On February 7, the Greek-Bulgarian Joint Venture ICGB (Interconnector Greece-Bulgaria) shortlisted five entities bidding for the construction of a new natural gas pipeline between the two countries. Four of the five entities involved are wholly based in the EU: Greek firm J&P Avax, a Franco-Bulgarian consortium, an Italo-Bulgarian consortium, and a joint venture between German Max Streicher GmBH and the Greek firm Terna. The fifth entity, however, is a joint venture between Greek firm Aktor and China Petroleum Pipeline Engineering, a subsidiary of Chinese state-owned enterprise China National Petroleum Company (CNPC), recently listed as the world’s fourth largest corporation by size of revenue.
The interconnector pipeline is intended to connect Bulgaria to gas brought into Greece from Azerbaijan via the Trans-Adriatic Pipeline, itself part of a larger project called the Southern Gas Corridor (SGC). The SGC is currently under construction and expected to come online in 2020. The purpose of the SGC is to connect natural gas sources in Azerbaijan with markets in Turkey and southern Europe through a mix of overland and undersea pipelines. Much of the incentive for the project came from a desire among EU member states to reduce dependence on gas imports from Russia.
While there are no EU laws barring entities from China or other third countries from bidding on projects connected to the SGC, there are security concerns regarding an entity like China National Petroleum which could undermine the basic goal of increased energy security. The joint venture may face further scrutiny under the EU’s emerging Union-wide investment-screening network, should it prevail in the bidding process.
According to Bulgarian energy minister Temenuzhka Petkova, "the project has already received a grant of 45 million euros under the European Energy Programme for Recovery (EEPR) and about 39 million euros from the European Structural and Investment Funds for Bulgaria”, suggesting the EU may be particularly sensitive to third-country involvement in the project if the CNPC joint venture wins the bid.

Sanctions Expanded, but Russian Funds Keep Flowing to Crimea

On February 15, diplomatic representatives declared that the EU would place eight more Russian individuals on its sanctions “blacklist” in connection with Russia’s recent dispute with Ukraine over control of the Azov Sea, which culminated in a violent confrontation last November in which 24 Ukrainian sailors were taken captive by Russia and have yet to be released. EU blacklisting entails freezing of financial assets held in EU member states and restrictions on travel within the Union. These eight would be added to the list of 163 private persons and 44 business entities scheduled to have their EU sanctions extended early next month.
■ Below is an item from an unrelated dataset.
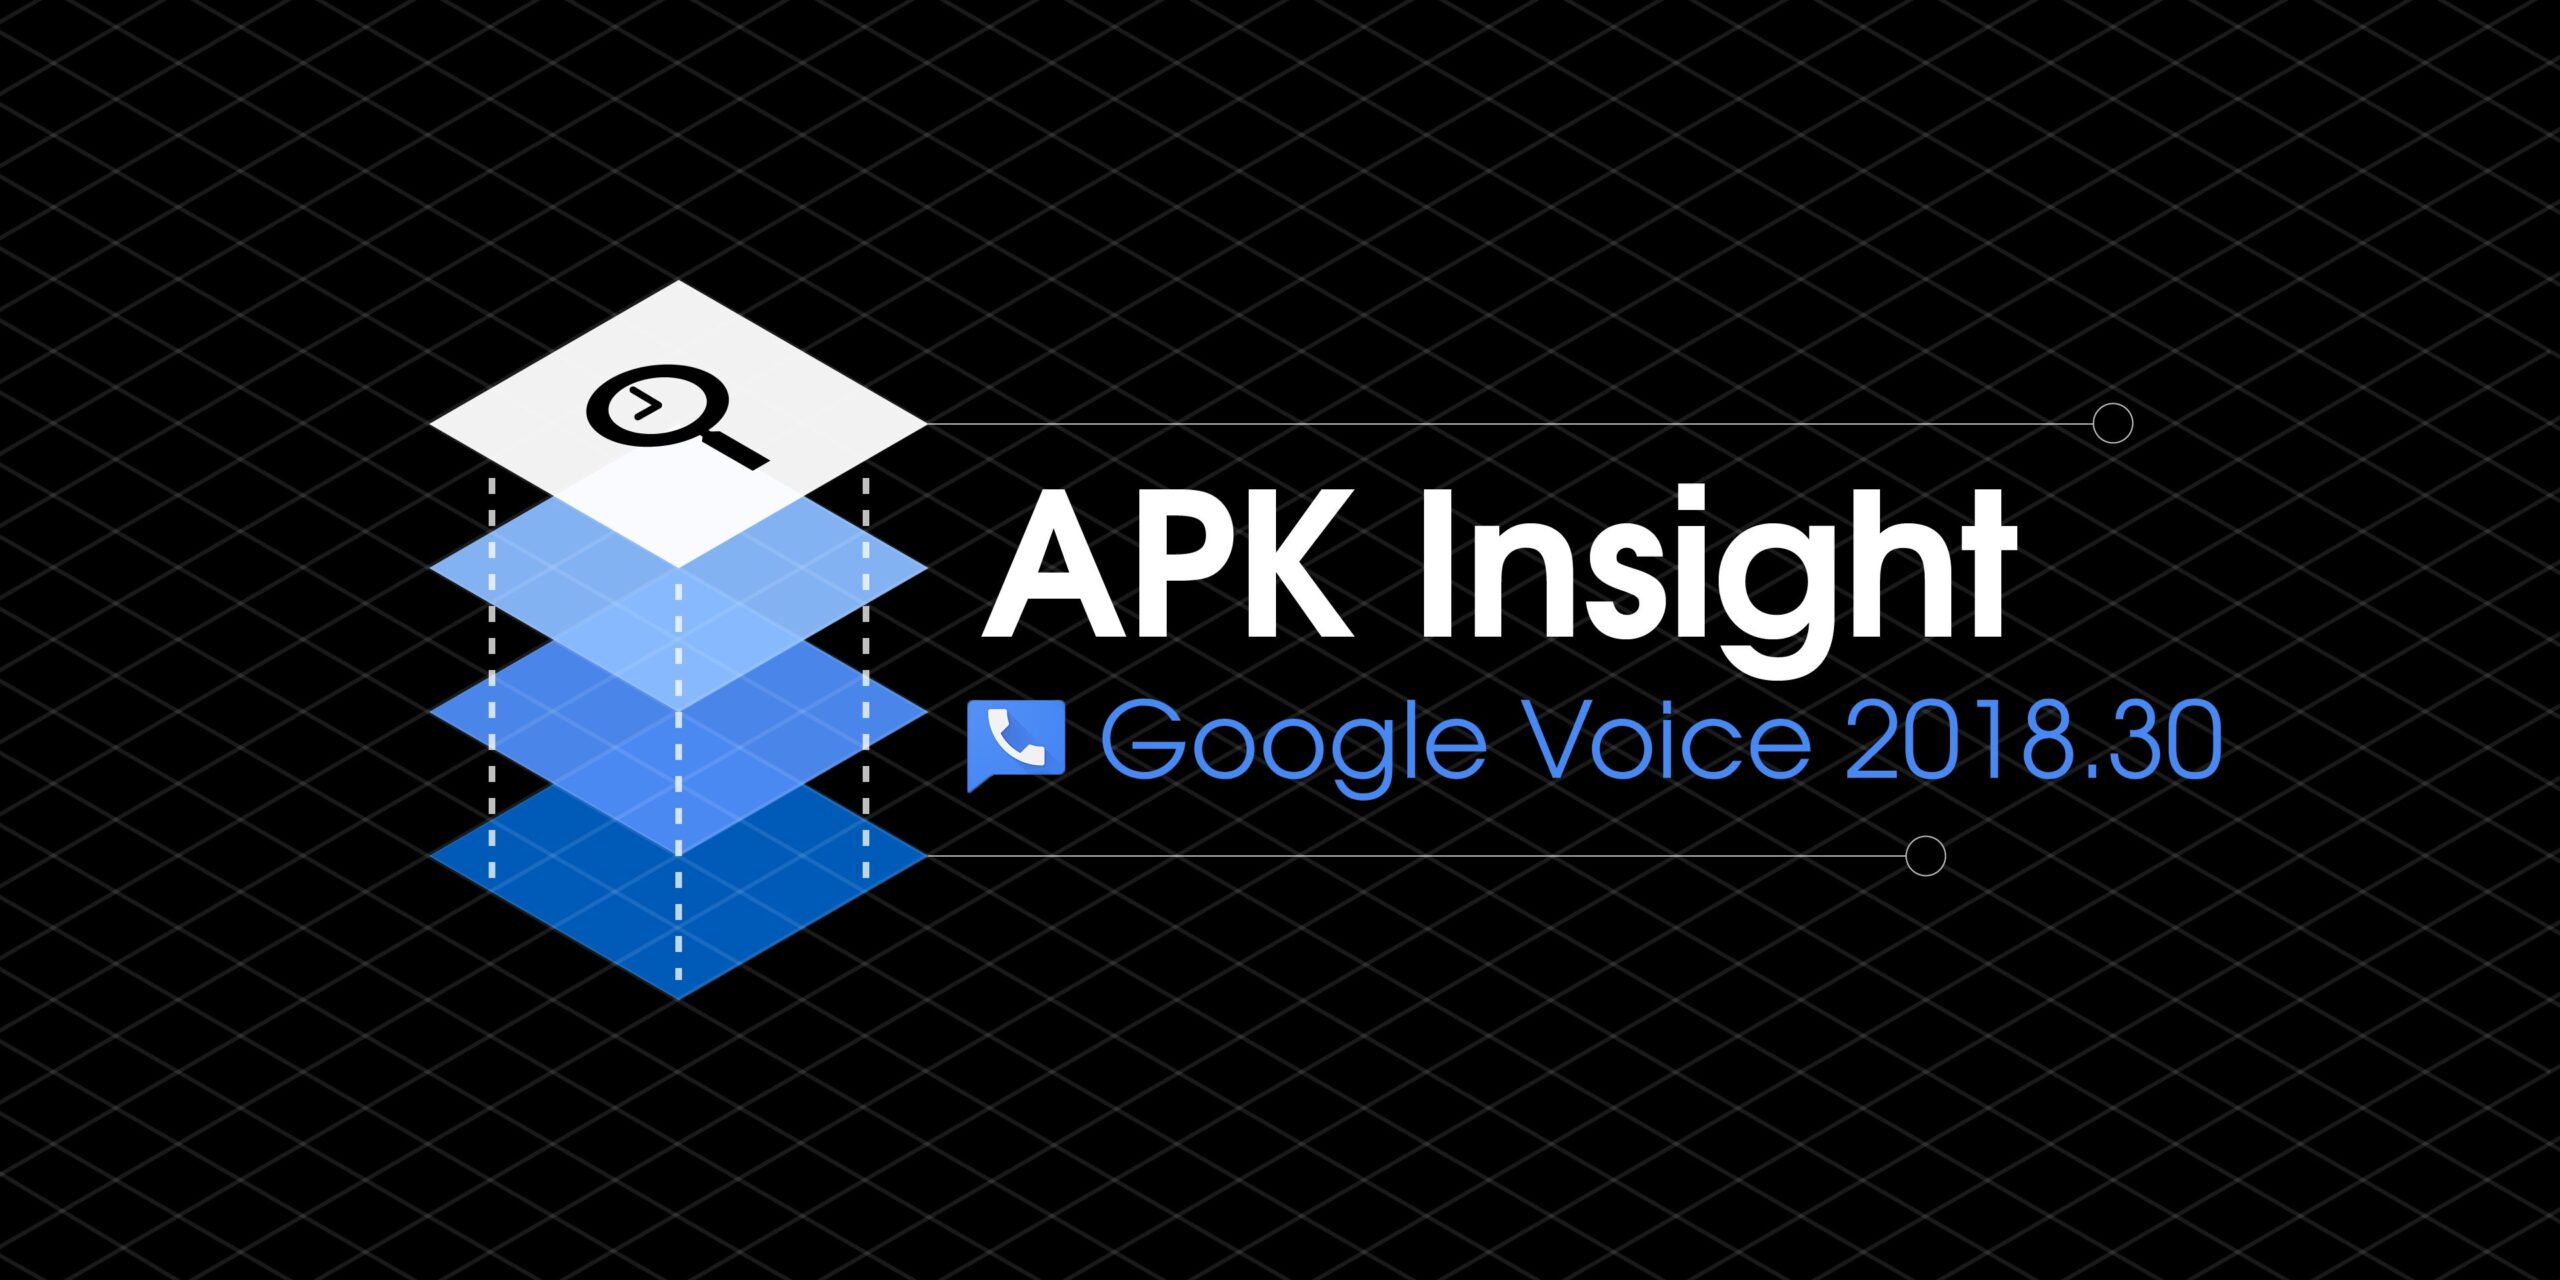 O Google Voice 2018.30 prepara a integração do Hangouts Meet & Calendar para G Suite, aprimora o DND [APK Insight]

Meanwhile, earlier in February the government of Russia earmarked an additional $4.7 billion in investments in Crimea over the next three years, to be directed primarily towards expanding infrastructure and tourism on the peninsula. Since its annexation in 2014, Crimea has become heavily reliant on federal transfers from Moscow to maintain itself, and this pattern shows no sign of abating despite the overall weakness of the Russian economy.
Significant funds were also allocated for the construction of the Kerch Strait Bridge, opened in 2018 to connect Crimea to mainland Russia. The bridge has, no doubt t intentionally, created a barrier to Ukrainian shipping in the Azov Sea due to its unusually low vertical clearance. The Azov Sea has been recognized by the international community as constituting part of Ukraine’s Exclusive Economic Zone by virtue of Crimea being Ukrainian territory.